FDRMFL: Multimodal Federated Feature Extraction Model Based on Information Maximization and Contrastive Learning

Abstract

We propose FDRMFL, a task-driven multimodal feature extraction framework for federated regression under non-IID data distributions. Extracting predictive features from high-dimensional multimodal inputs is particularly challenging in this setting: data cannot leave each client, local samples are scarce and heterogeneously distributed, and unsupervised dimensionality reduction discards task-relevant information while federated training introduces representation drift across communication rounds. FDRMFL addresses these challenges through a unified four-term local objective: MSE prediction loss, a correlation-based mutual information surrogate that preserves dependence between the fused representation and the continuous target, a symmetric KL penalty that aligns cross-modal latent distributions before fusion, and an InfoNCE-style contrastive loss that anchors local representations to the global consensus.
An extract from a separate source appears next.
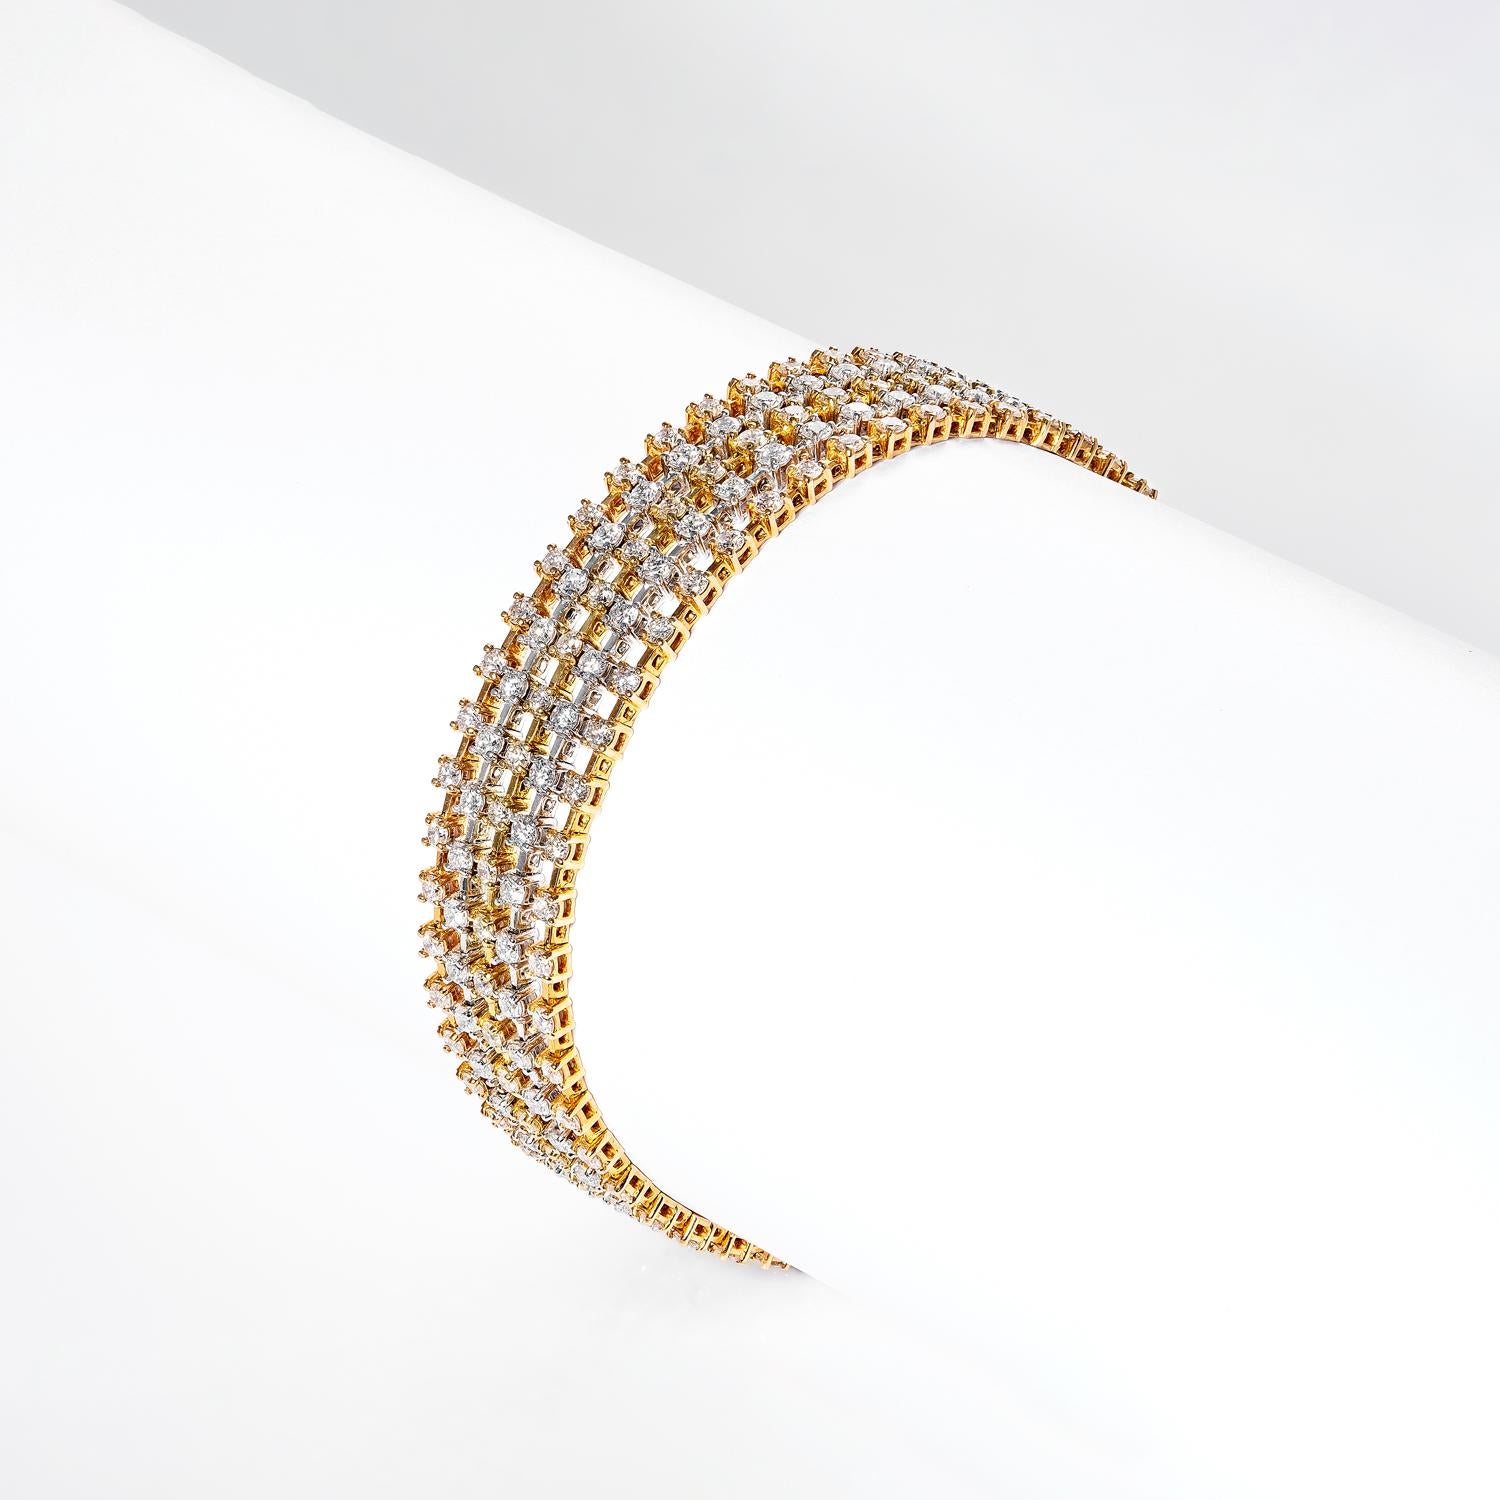 Das Jazmin 7 Carat 5 Strand Diamond Bracelet ist ein atemberaubendes Schmuckstück, gefertigt aus luxuriösem 18K Gelbgold und komplizierten Diamantdetails. Mit seinen insgesamt 250 Diamanten sticht dieses Armband aus der Masse heraus. Sie ist
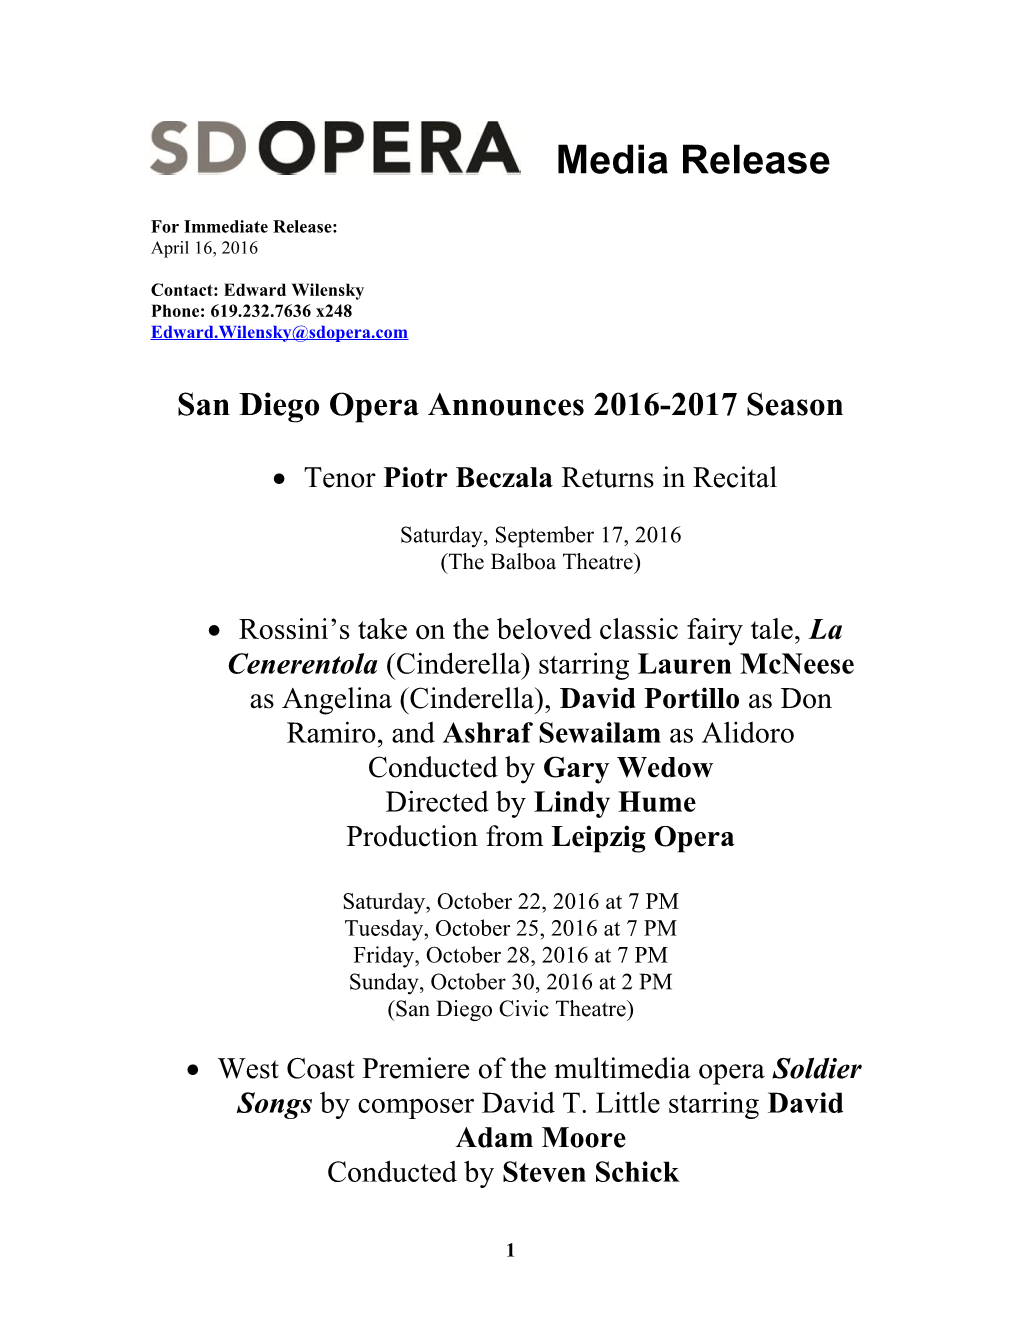 San Diego Opera Announces 2016-2017 Season

Experiments on three synthetic and two real-world near-infrared spectroscopy datasets under non-IID federated partitions, with comprehensive ablation and sensitivity analyses, demonstrate that each component contributes to the framework's effectiveness. FDRMFL reduces mean MSE by 33.8% relative to the best traditional baseline (PCA) and by 43.0% relative to VAE in simulation, and attains the lowest overall mean MSE among six federated algorithms including FedAvg, FedProx, MOON, SCAFFOLD, and FedBN.